Der besondere Fall mit CME

Weichteilmyxom ohne knöcherne Beteiligung

Fabia Siegberg
,
Peer W. Kämmerer
,
Daniel G. E. Thiem
Im März 2021 erschien im Leitlinienprogramm Onkologie eine aktualisierte Fassung der S3-Leitlinie „Diagnostik und Therapie des Mundhöhlenkarzinoms“. Danach sollen alle Patienten mit einer mehr als zwei Wochen bestehenden unklaren Schleimhautveränderung unverzüglich zur Abklärung an einen Spezialisten überwiesen werden. Bei Verdacht auf eine Vorläuferläsion muss eine histologische Untersuchung hinsichtlich der Dignität erfolgen. Nach diesen Grundsätzen handelte auch der Zahnarzt bei diesem Patientinnenfall.
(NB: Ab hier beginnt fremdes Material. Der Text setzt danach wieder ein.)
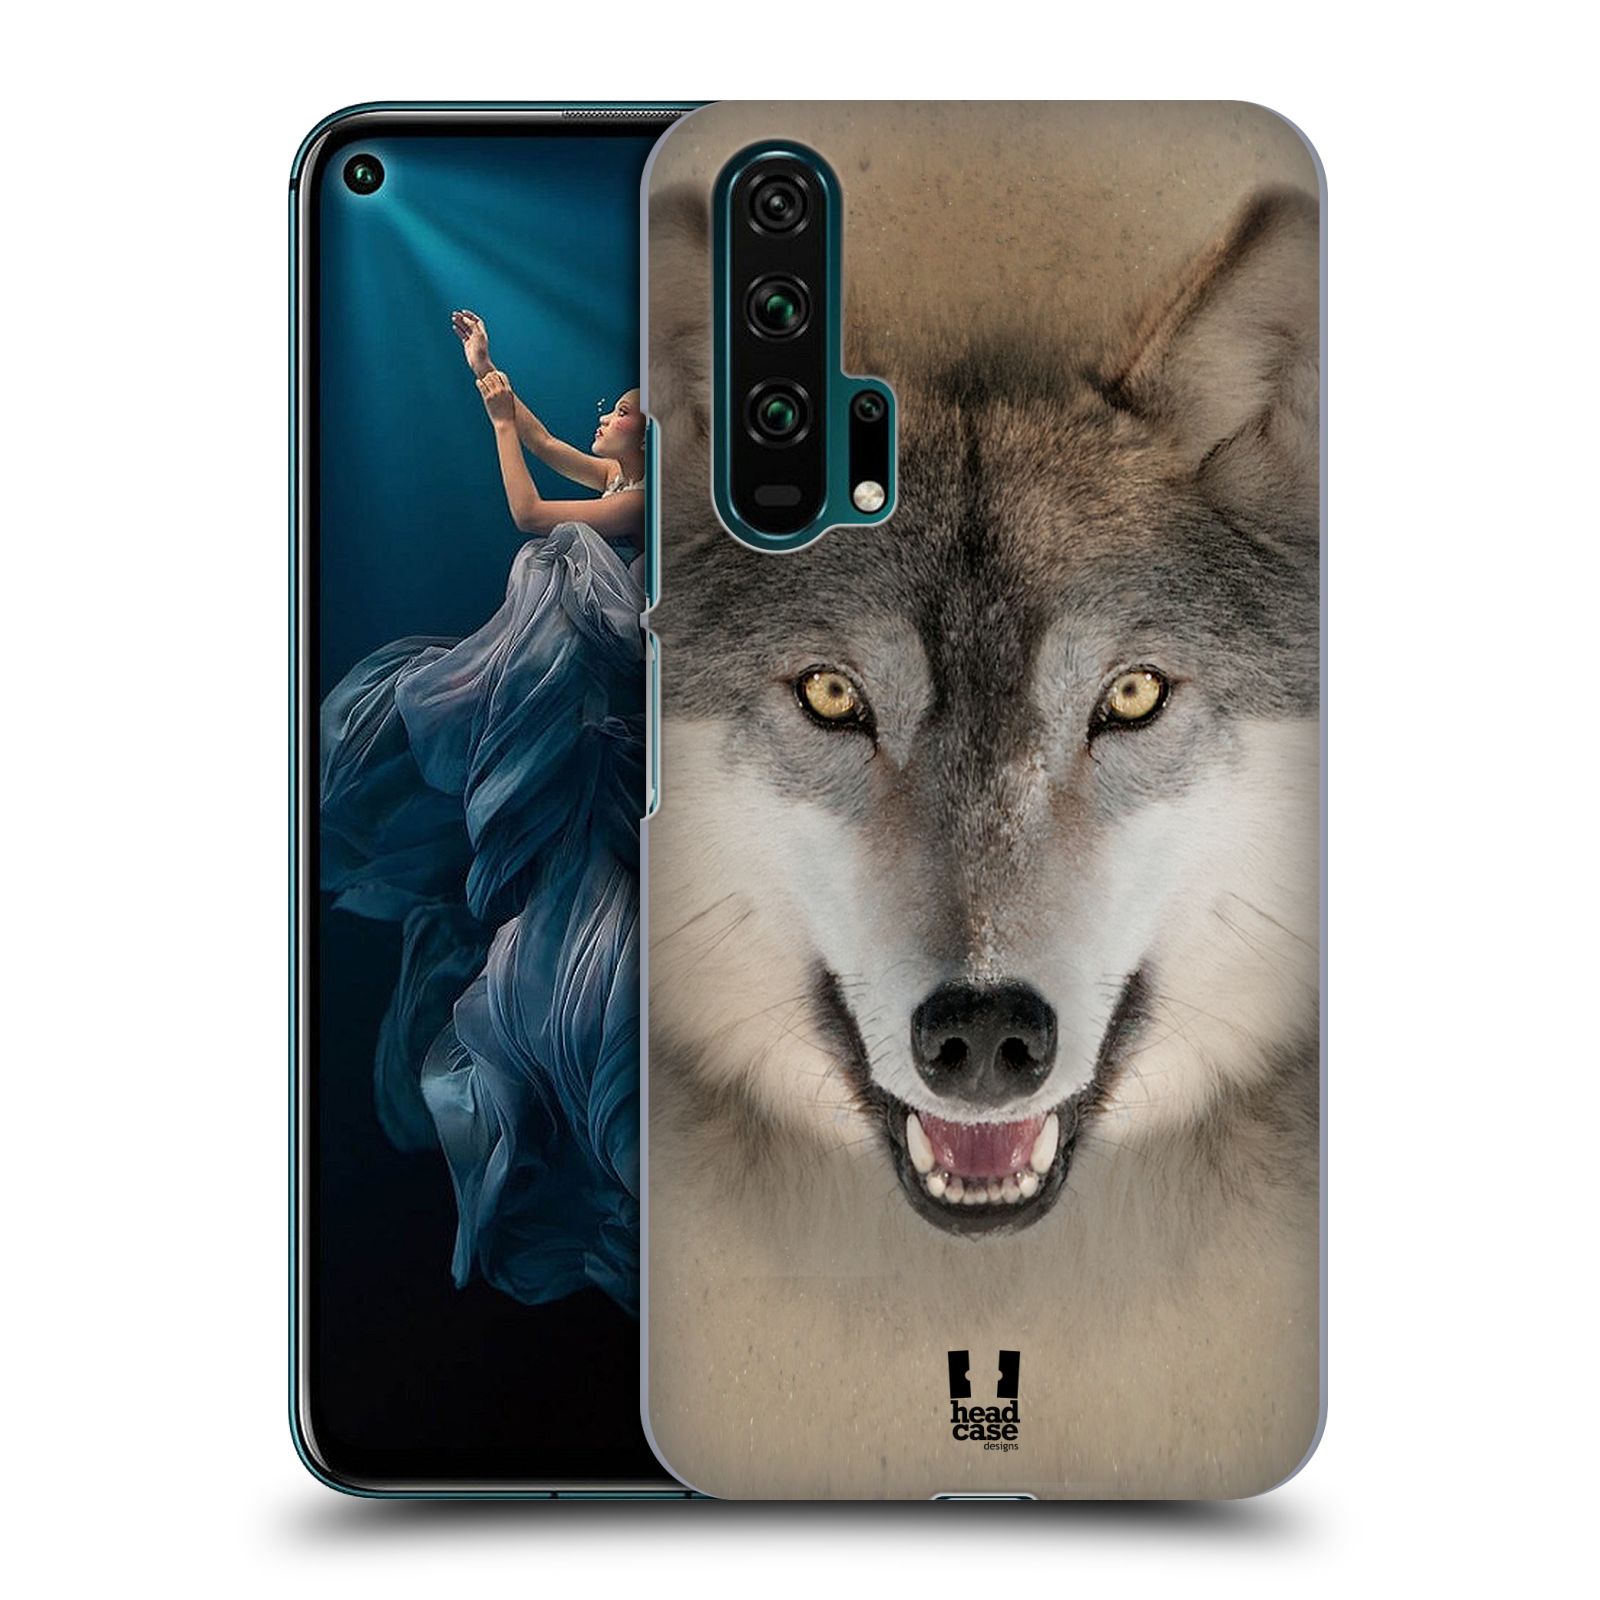 Pouzdro na mobil Honor 20 PRO - HEAD CASE - vzor Zvířecí tváře 2 vlk šedý

Mit einer Mundschleimhautveränderung im dritten Quadranten wurde eine 34-jährige Patientin im Juni 2021 nach Überweisung durch ihren Hauszahnarzt in der Ambulanz der Klinik für Zahn-, Mund- und Kieferkrankheiten in Mainz vorstellig.
Bei der klinischen Untersuchung zeigte sich eine circa 1 cm messende kugelige Gingivaproliferation regio 34/35 (Abbildung 1). Anamnestisch ergaben sich ein Nikotinkonsum von 7 Packyears (aktuell reduziert) sowie nach Auskunft der Patientin leichte, ziehende Schmerzen in der entsprechenden Region. Die Patientin befand sich zum Zeitpunkt der Vorstellung in der siebten Schwangerschaftswoche. In der Panoramaschichtaufnahme sowie in der Einzelzahnaufnahme zeigte sich eine Abnahme der krestalen Knochenhöhe im Bereich der bereits gelockerten Zähne 34 und 35 (Abbildung 2). Zum Ausschluss eines Malignoms erfolgte noch am selben Tag eine Biopsieentnahme. In der kritischen Wertung der Histologie heißt es: „Akanthotisch verbreitertes Plattenepithel mit unterlagernder Fibrose und teils myxoider Transformation. Einer solchen Verbreiterung des Stratum spinosum kann eine mechanische Irritation zugrunde liegen. Das Resektat weist in diesem Fall eine Unterbrechung des Plattenepithels in ein langstreckiges Ulcus mit gemischtzelligem Entzündungsinfiltrat an seinem Grund auf.“

Substanzdefekte, die durch alle Wandschichten reichen, sind nicht das unmittelbare Ergebnis eines Traumas, sondern entstehen vielmehr durch infektiöse, immunologische oder angiologische Ursachen. Im beschriebenen Fall konnte auf der Basis immunhistochemischer Zusatzuntersuchungen eine chronisch-granulierende Entzündung nachgewiesen werden. Die exophytische Raumforderung zeigte keine Malignitätskriterien und kein weiteres Wachstum nach Biopsieentnahme (Abbildung 3). Aufgrund des erhöhten Narkoserisikos während der Schwangerschaft erfolgte die vollständige Befundexzision ambulant in Lokalanästhesie (Abbildung 4). Bei der chirugischen Resektion des Befunds in toto wurden auch die stark gelockerten Zähne 34 und 35 extrahiert.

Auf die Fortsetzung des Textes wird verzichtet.